In terms of the technology stack: the backend is built with Rust (harness-cli command-line tool and API service, balancing performance and type safety); the frontend is a React/Vite dashboard (real-time monitoring and workflow visualization); the skill system includes installable skill packages (e.g., author-workflow supporting Claude Code and Codex).

## Adapter Pattern and Design Principles

The framework integrates with specific projects via the adapter pattern. Adapters need to define CLI commands, dashboard links, artifact readers, etc. Key design principles: separation of core and adapters (the general core does not depend on project code), contract-first (interfaces defined by JSON Schema), progressive features, and message-first (all interactions are implemented via messages).
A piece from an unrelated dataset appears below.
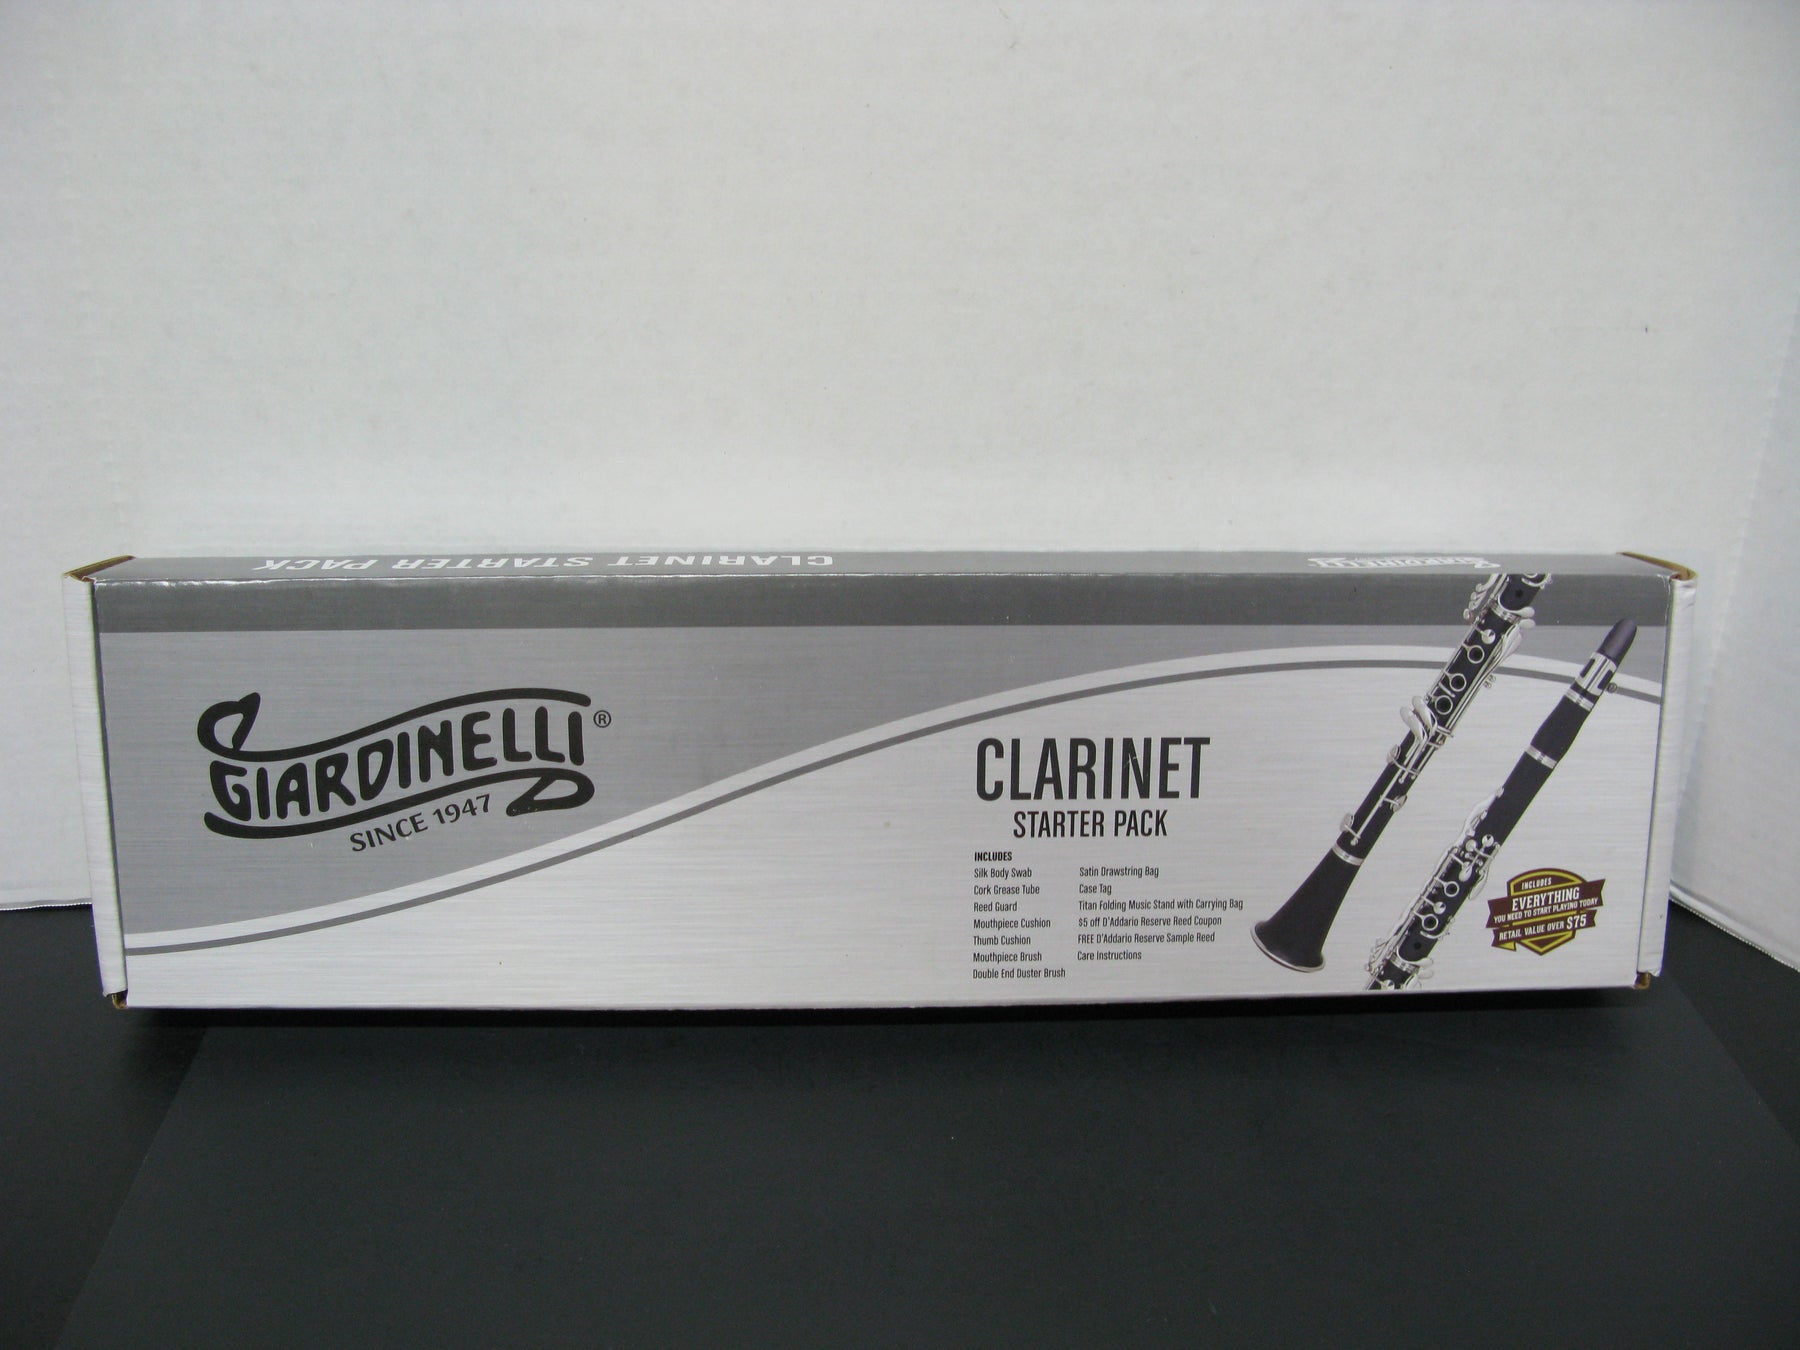 Clarinet Starter Pack

## Application Scenarios and Value

Applicable scenarios include complex software development (automated code review, refactoring), business process automation, research data analysis (multi-agent collaboration), and operation and maintenance monitoring (intelligent fault diagnosis). Its value lies in providing reusable infrastructure to connect AI capabilities with actual business systems.

## Quick Start and Future Outlook

Quick start requires three steps: install skills (supports Claude Code/Codex), start services (API and dashboard), and run workflows. The project's significance lies in its pragmatic approach to agent applications, and it will become a key bridge connecting AI capabilities and business systems in the future.